> [TASK PROMPT]: Could you print exactly the lines of the listing below, starting at the line that has "Bruce Campbell Is" and ending at the line that has "Bonpoint Brook Trousers", and only those lines?

*** PROVIDED RECORDS

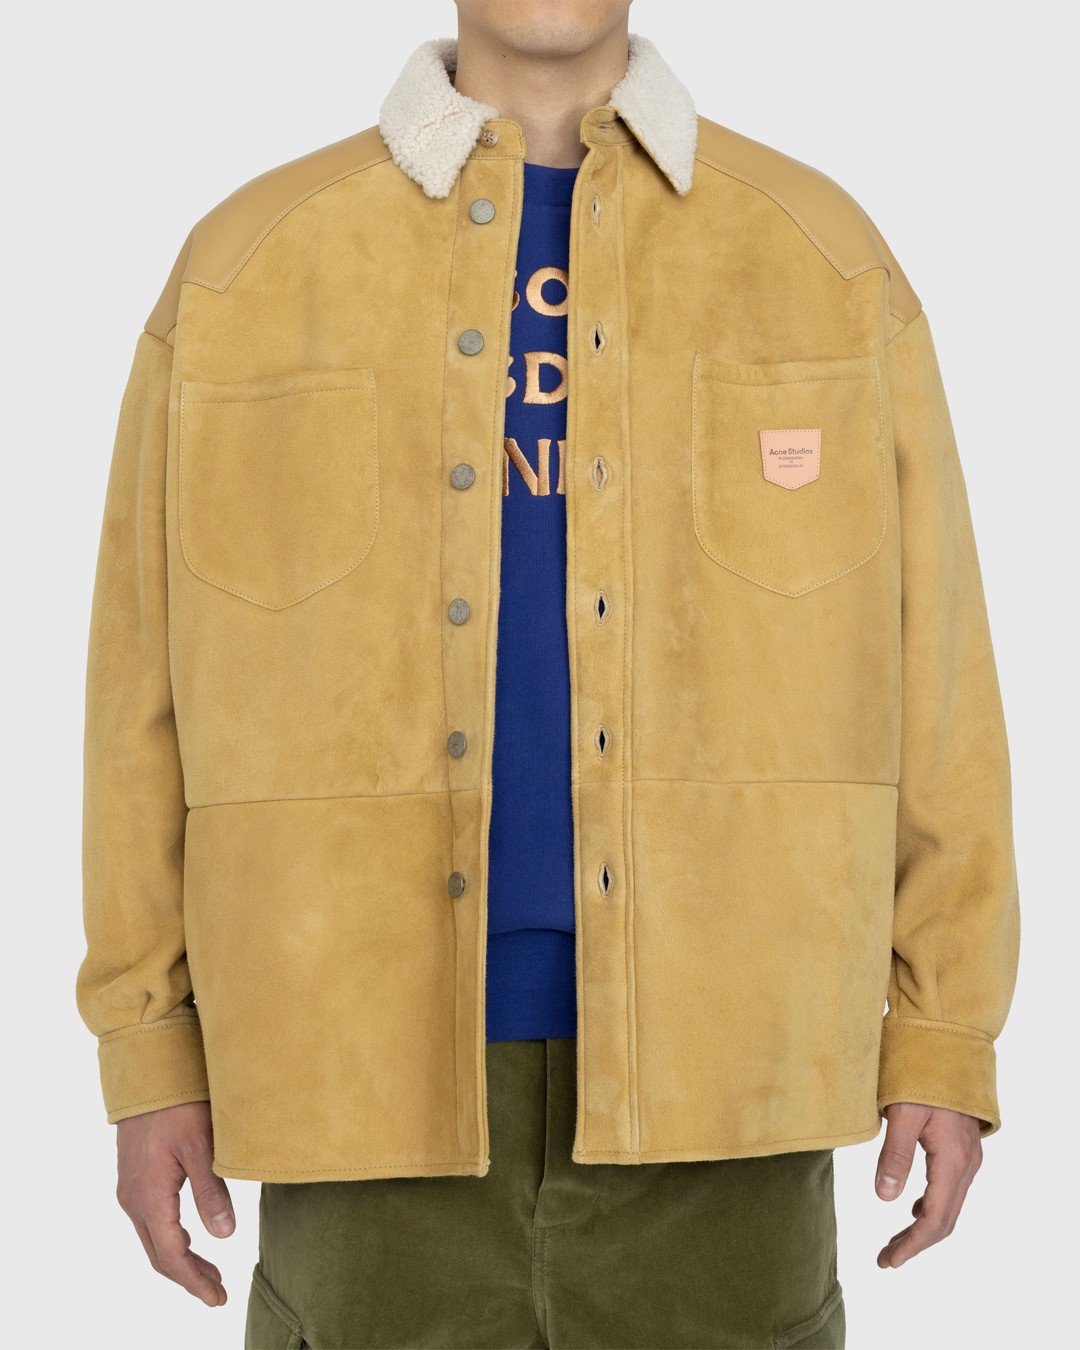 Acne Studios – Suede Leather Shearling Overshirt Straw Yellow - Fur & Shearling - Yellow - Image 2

******
*** PROVIDED RECORDS

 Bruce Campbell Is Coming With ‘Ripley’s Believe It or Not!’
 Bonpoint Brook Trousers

******

> [COMPLETED EXERCISE]:
 Bruce Campbell Is Coming With ‘Ripley’s Believe It or Not!’
 Bonpoint Brook Trousers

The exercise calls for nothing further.